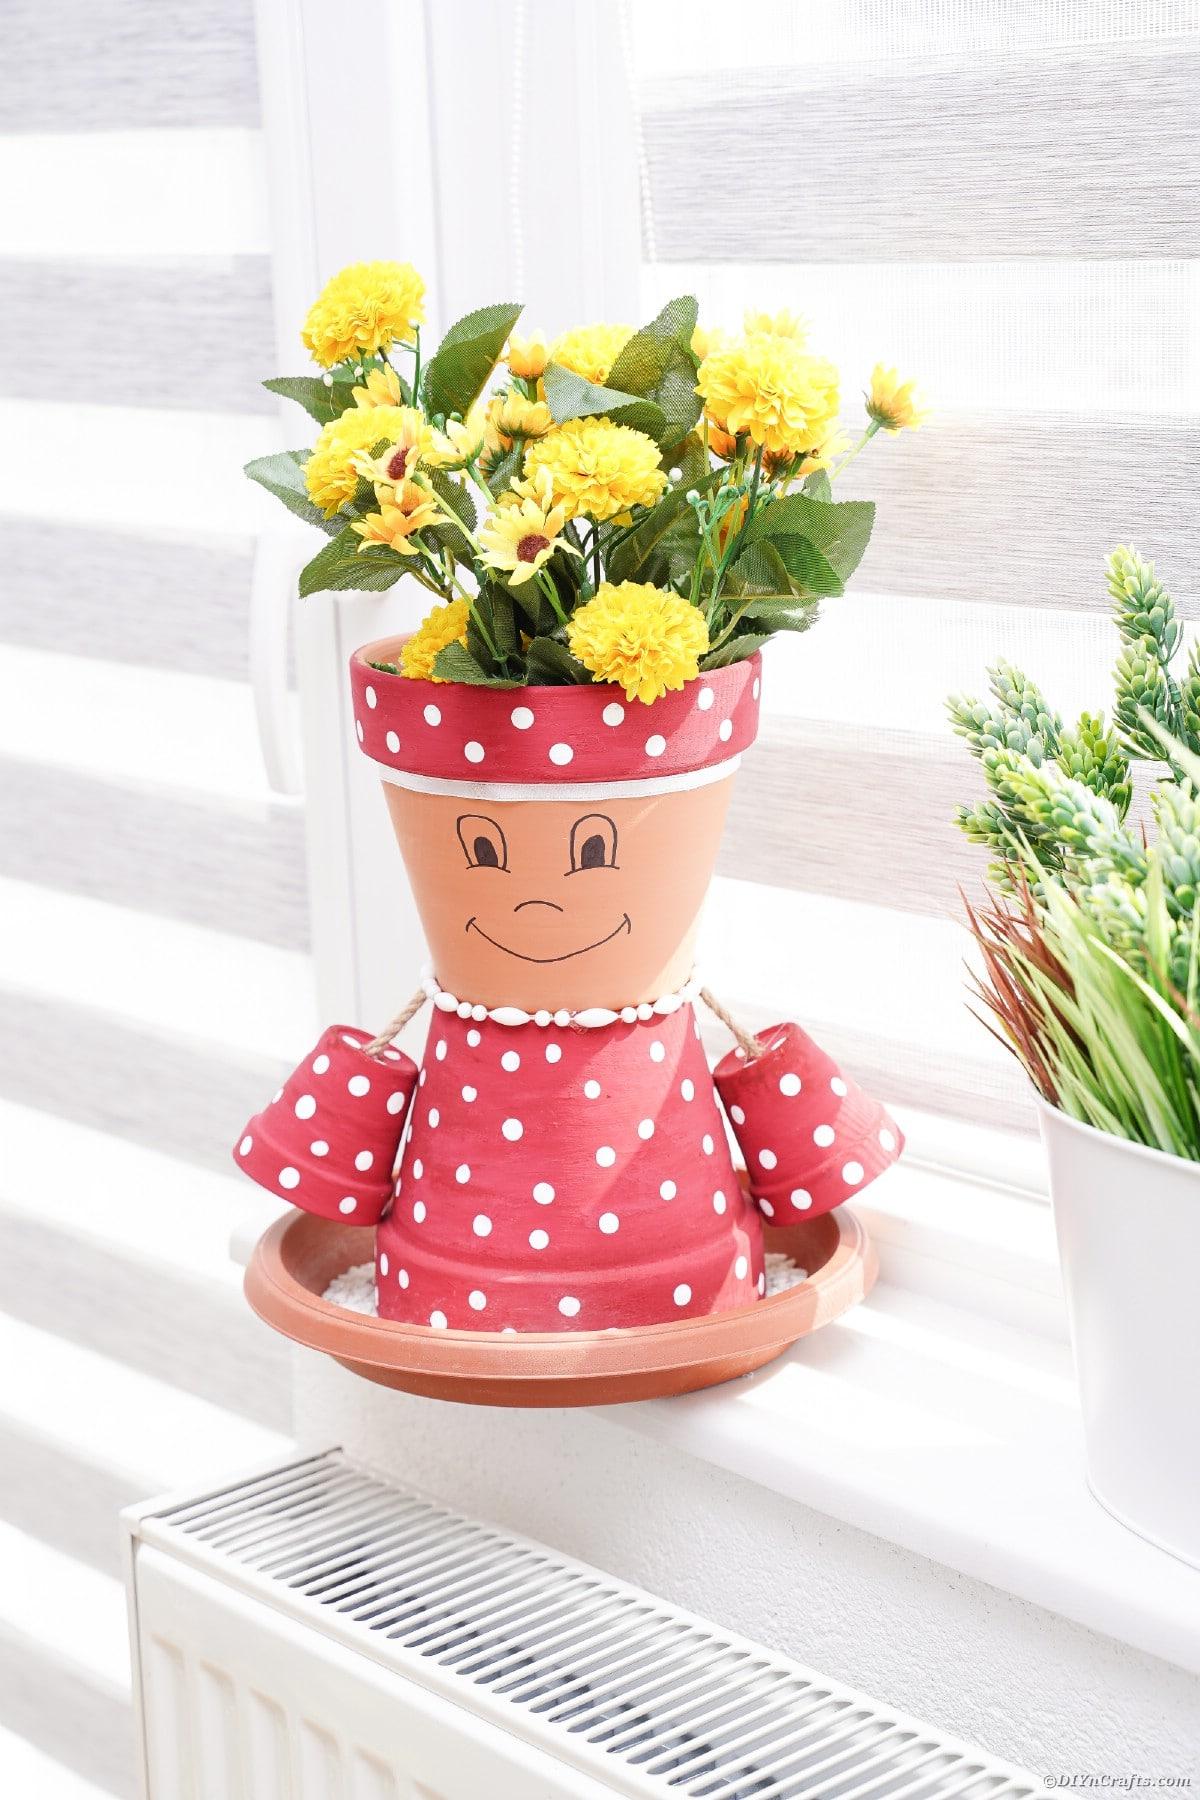 Pink polka dot flower pot in windowsill
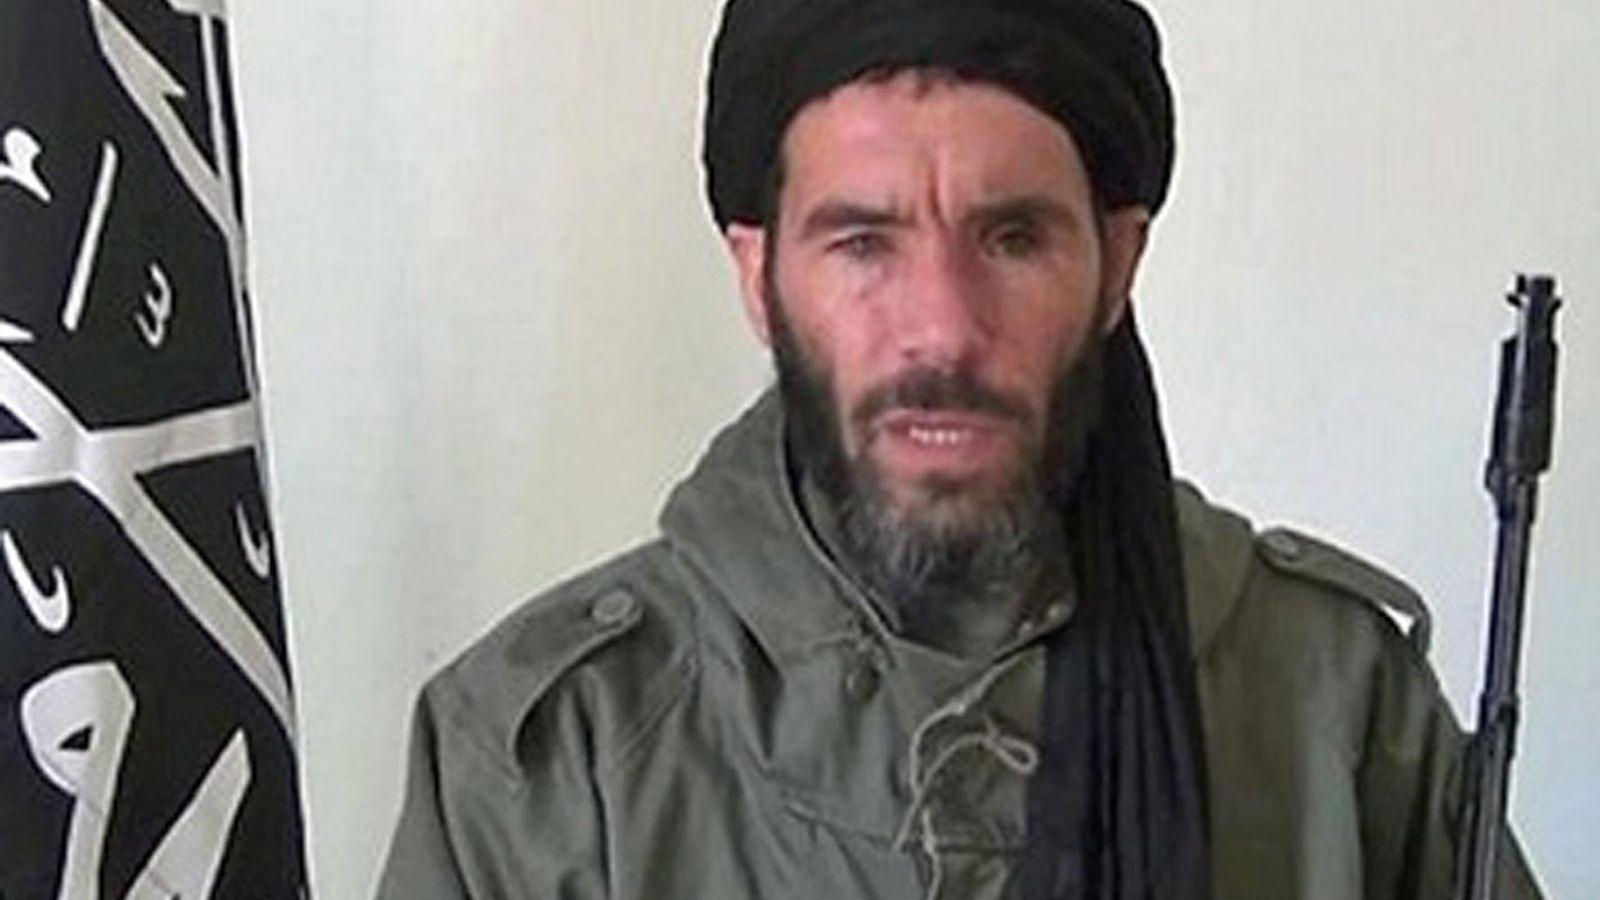 Foto: Foto sin fecha del yihadista Mokhtar Belmokhtar, difundida por el FBI. (Efe)
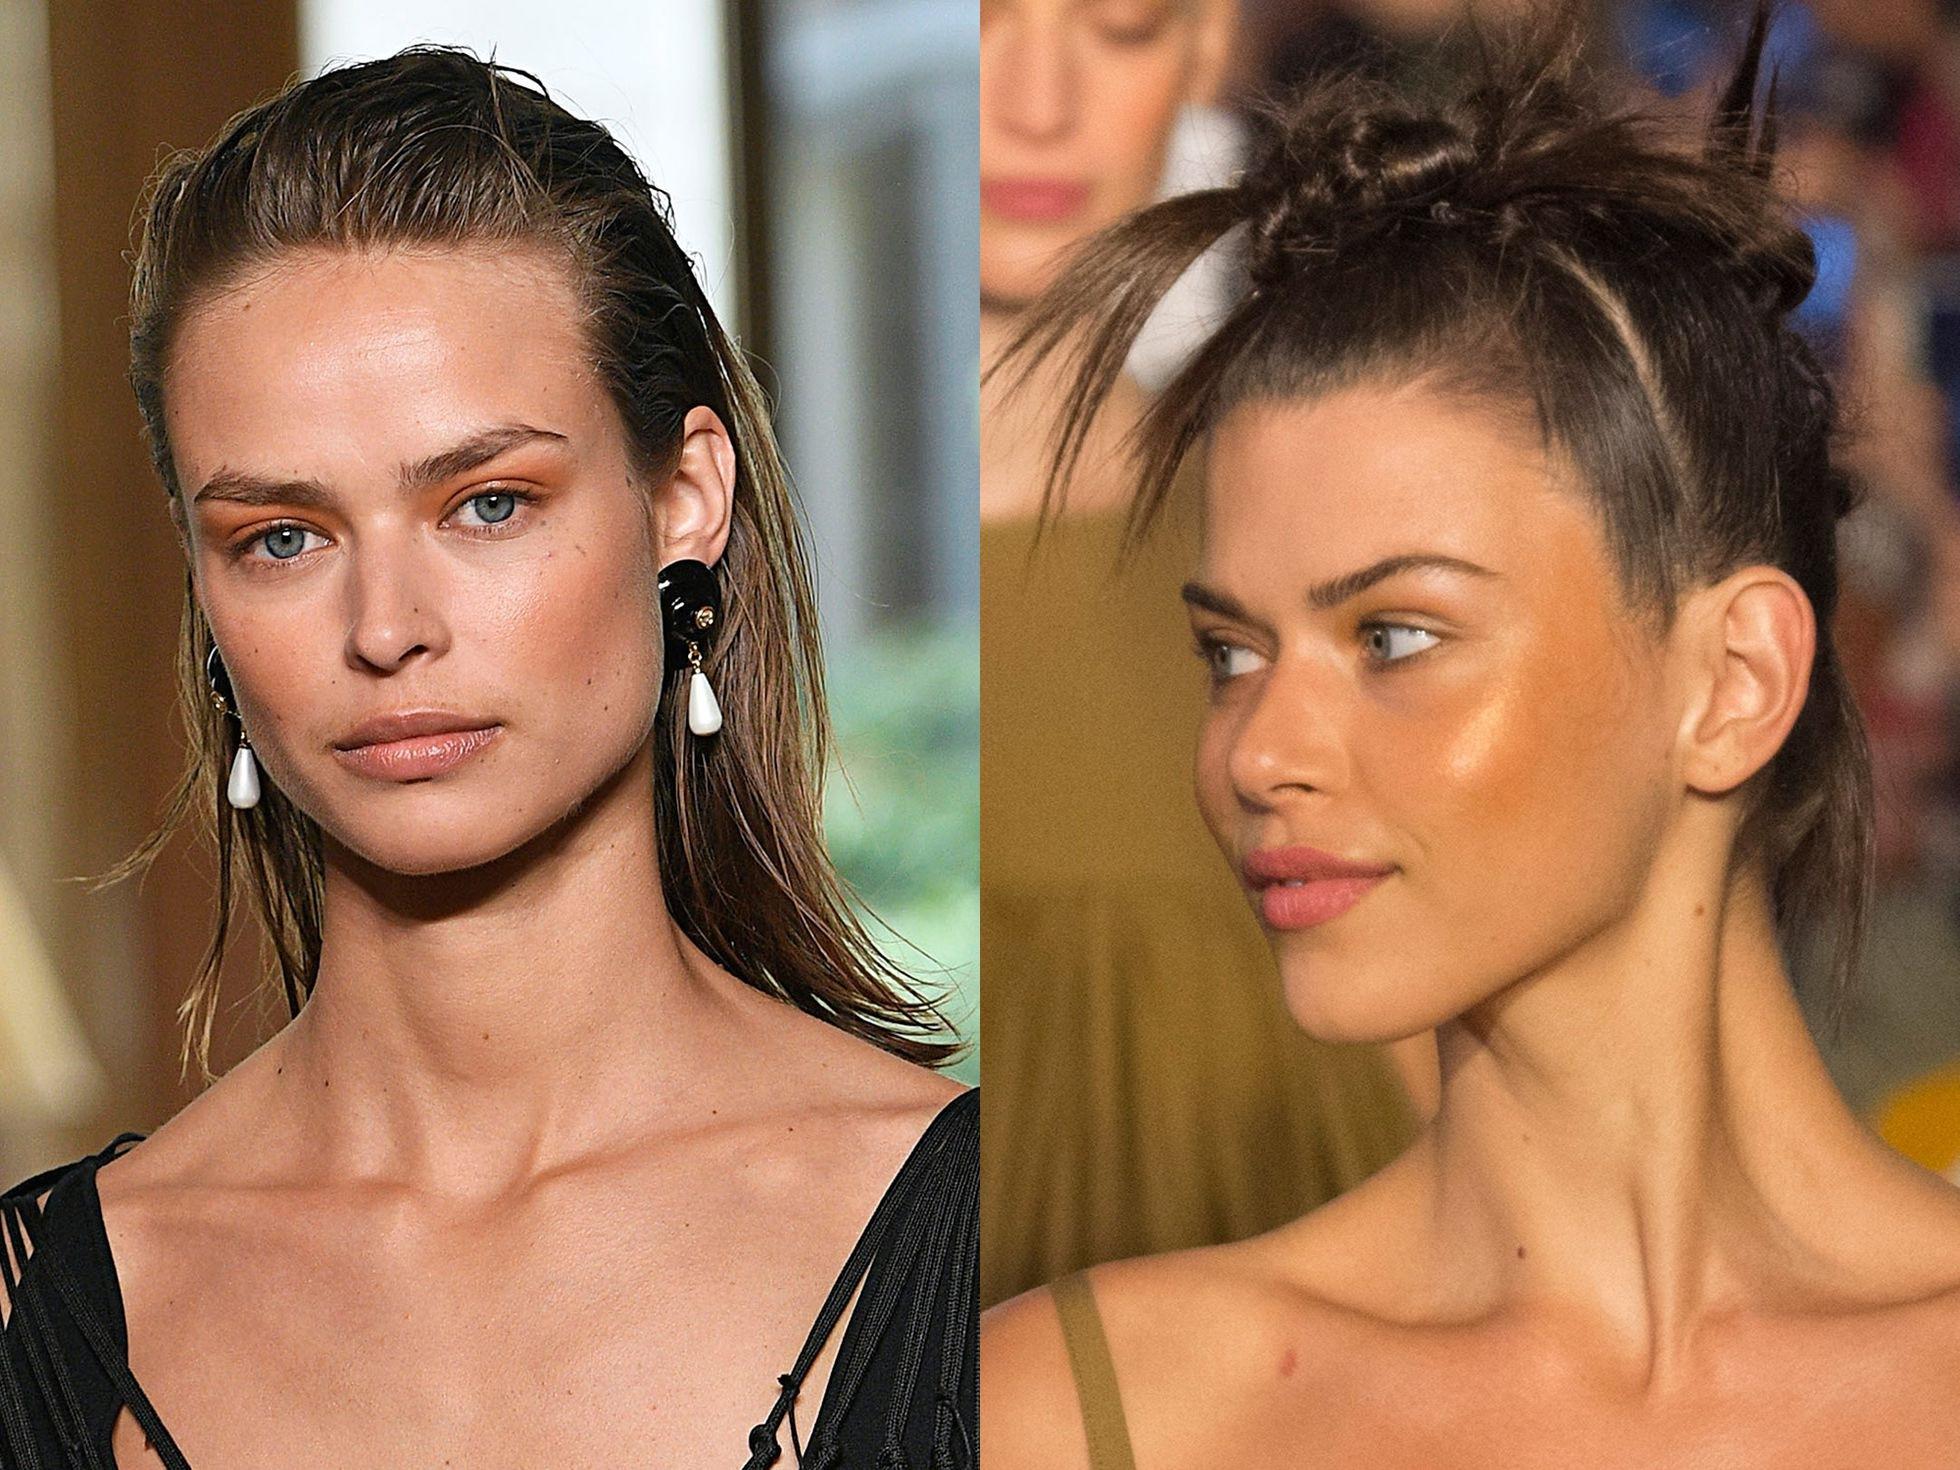 spring-summer-2019-makeup-trends-sunkissed-skin-altuzarra-getty-1538654997-horz.jpg
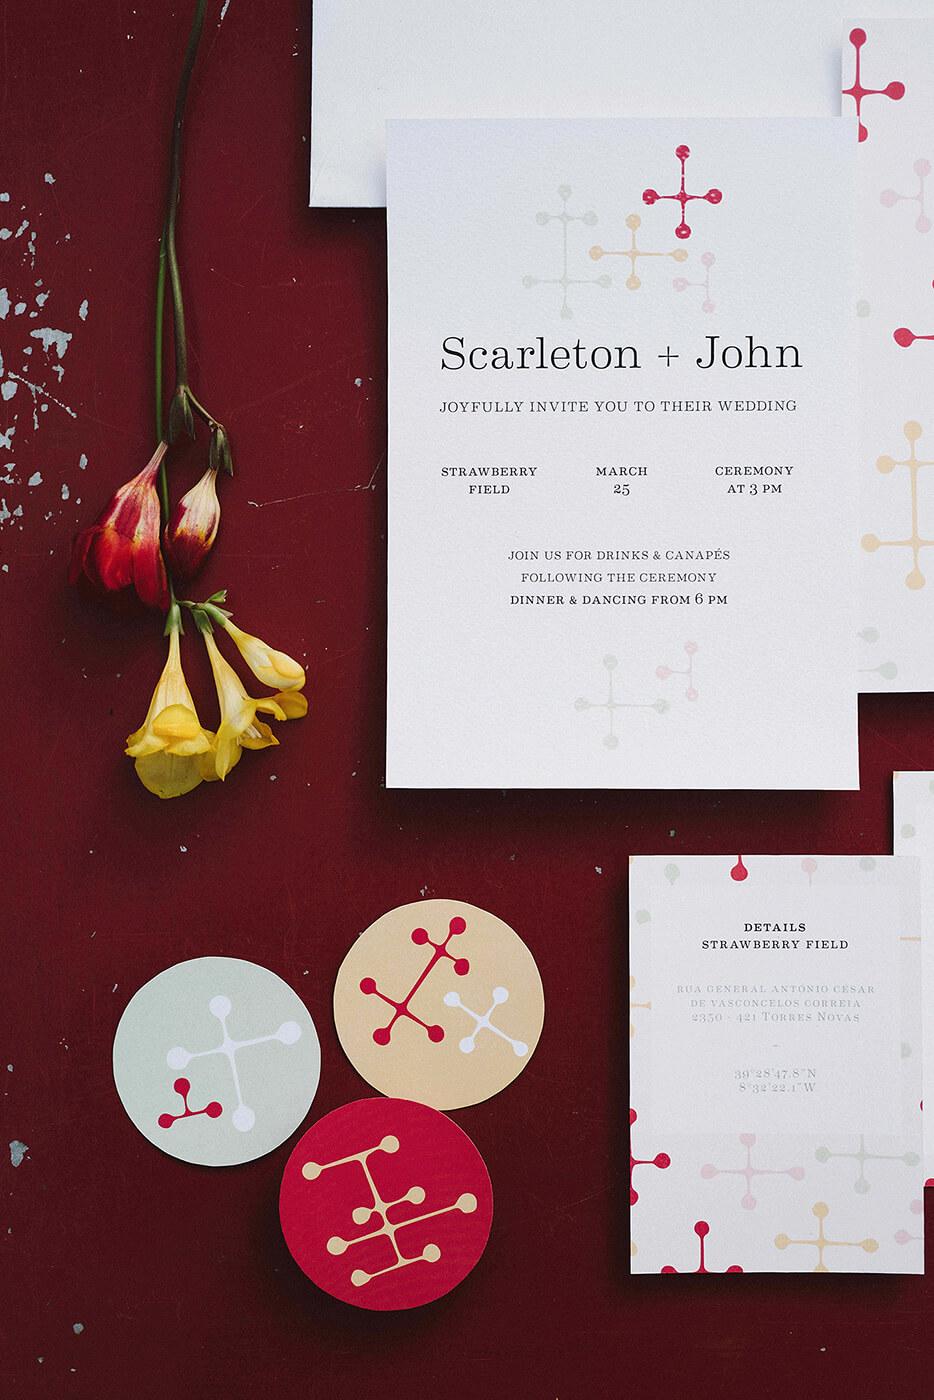 roma-organizacao-eventos-editorial-mid-century-modern-wedding-in-a-strawberry-field-37
□ □ □ □ □
__EXERCISE GOAL__. Copy the whole of the material above exactly, and exclude every picture.

__SOLUTION BELOW__.
 Pink polka dot flower pot in windowsill
 Foto: Foto sin fecha del yihadista Mokhtar Belmokhtar, difundida por el FBI. (Efe)
 spring-summer-2019-makeup-trends-sunkissed-skin-altuzarra-getty-1538654997-horz.jpg
 roma-organizacao-eventos-editorial-mid-century-modern-wedding-in-a-strawberry-field-37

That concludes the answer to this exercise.